Sheridan nodded, keeping her eyes on him. “Dad?”
“Yes?”
“If you’re going to go find her, I’m going with you.”
Joe took a step back. The eagle screeched, sensing his angst. “You’ve got to be kidding,” he said.
“Think about it,” Sheridan said. “She’s texting me on my phone. If I’m with you, we might be able to find her.”
He started to object, but he knew she was making sense.
“Talk to your mother,” he said. “We’re talking about you missing some school, not to mention what else might happen.”
She beamed. Her smile filled him with joy. “You’ll need to talk with her, too.”
“I will,” Joe said.
“She wants you to find her more than anyone.”
“Yup,” said Joe.
Sheridan said, “I’ve been thinking about something, Dad. The last thing you guys told me the day April’s mom came to school and took her was to watch over her. I didn’t do it. I really feel bad about that.”
“Don’t,” Joe said. “No one knew that would happen.”
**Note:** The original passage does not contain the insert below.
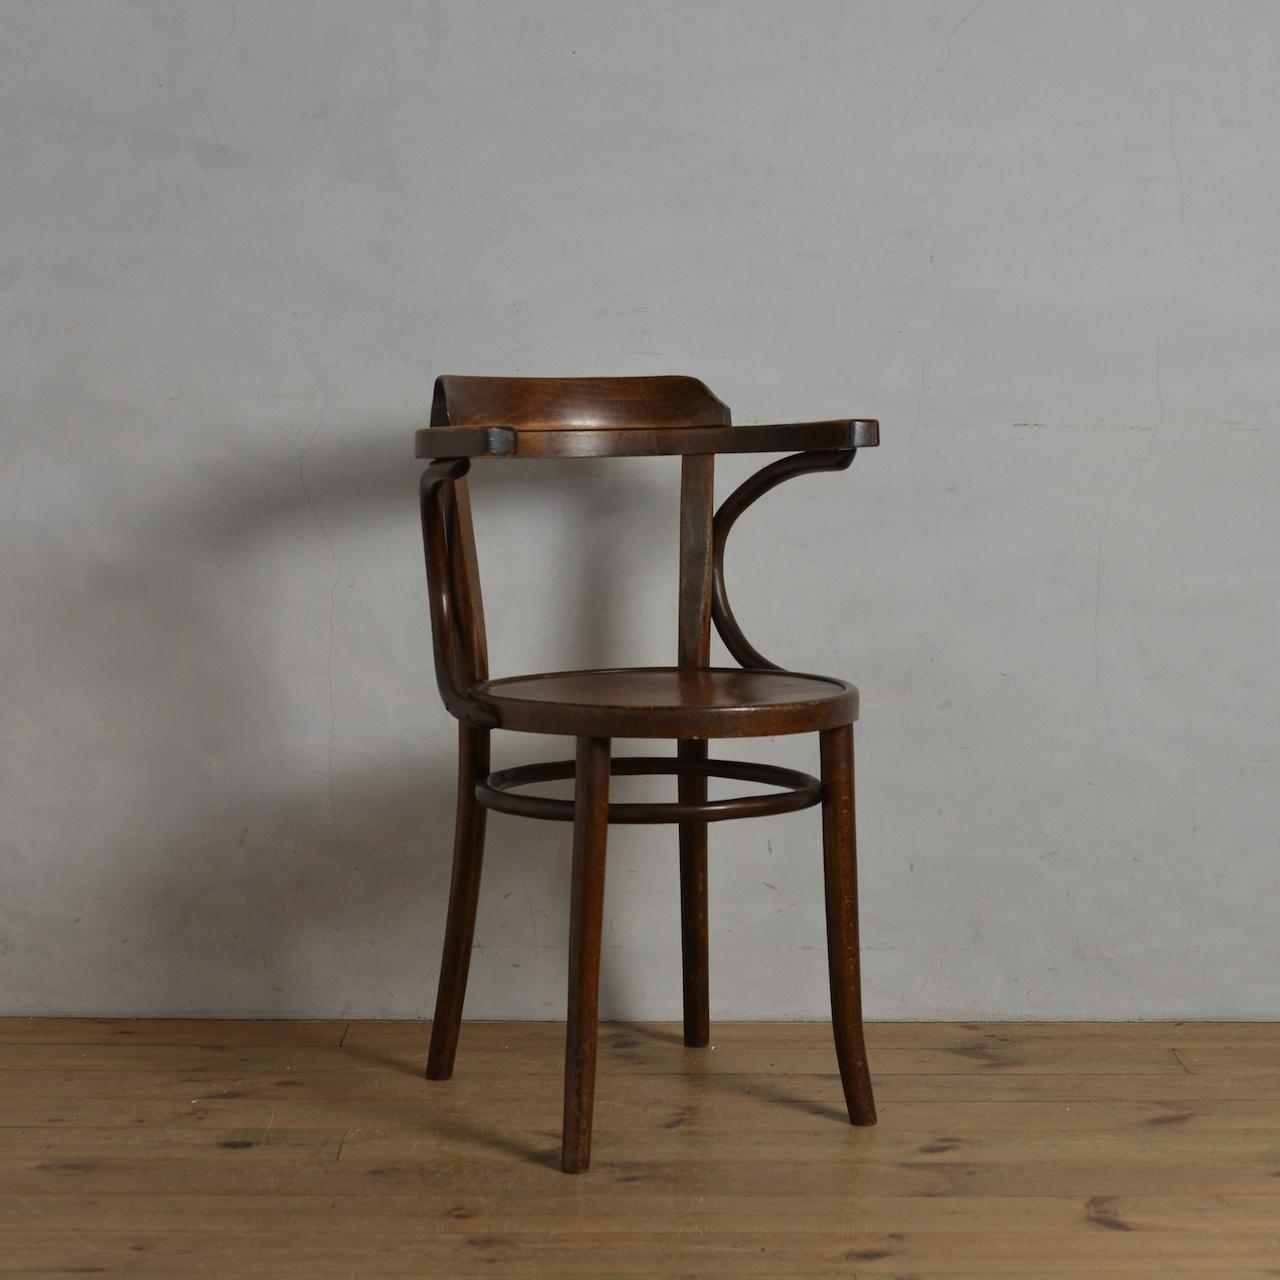 Bentwood Arm Chair【B】 / ベントウッド アーム チェア 〈ダイニングチェア・デスクチェア〉SW2002-0006B

Sheridan shrugged. “Still . . .”
“Look,” Joe said. “April called you, Sheridan. Not your mom. Not me. She’s doesn’t blame you.”
Sheridan looked at him, bored into him with her green eyes. “Do you realize what you just said?”
Joe shrugged.
“You said April. You didn’t say ‘whoever sent you those messages’ or something. You said April.”
“Slip of the tongue,” he said, flushing. “You know what I meant.”
“Yes,” she said. “I know what you meant.”
PART TWO
Future generations may well have occasion to ask themselves, “What were our parents thinking? Why didn’t they wake up when they had a chance?” We have to hear that question from them, now.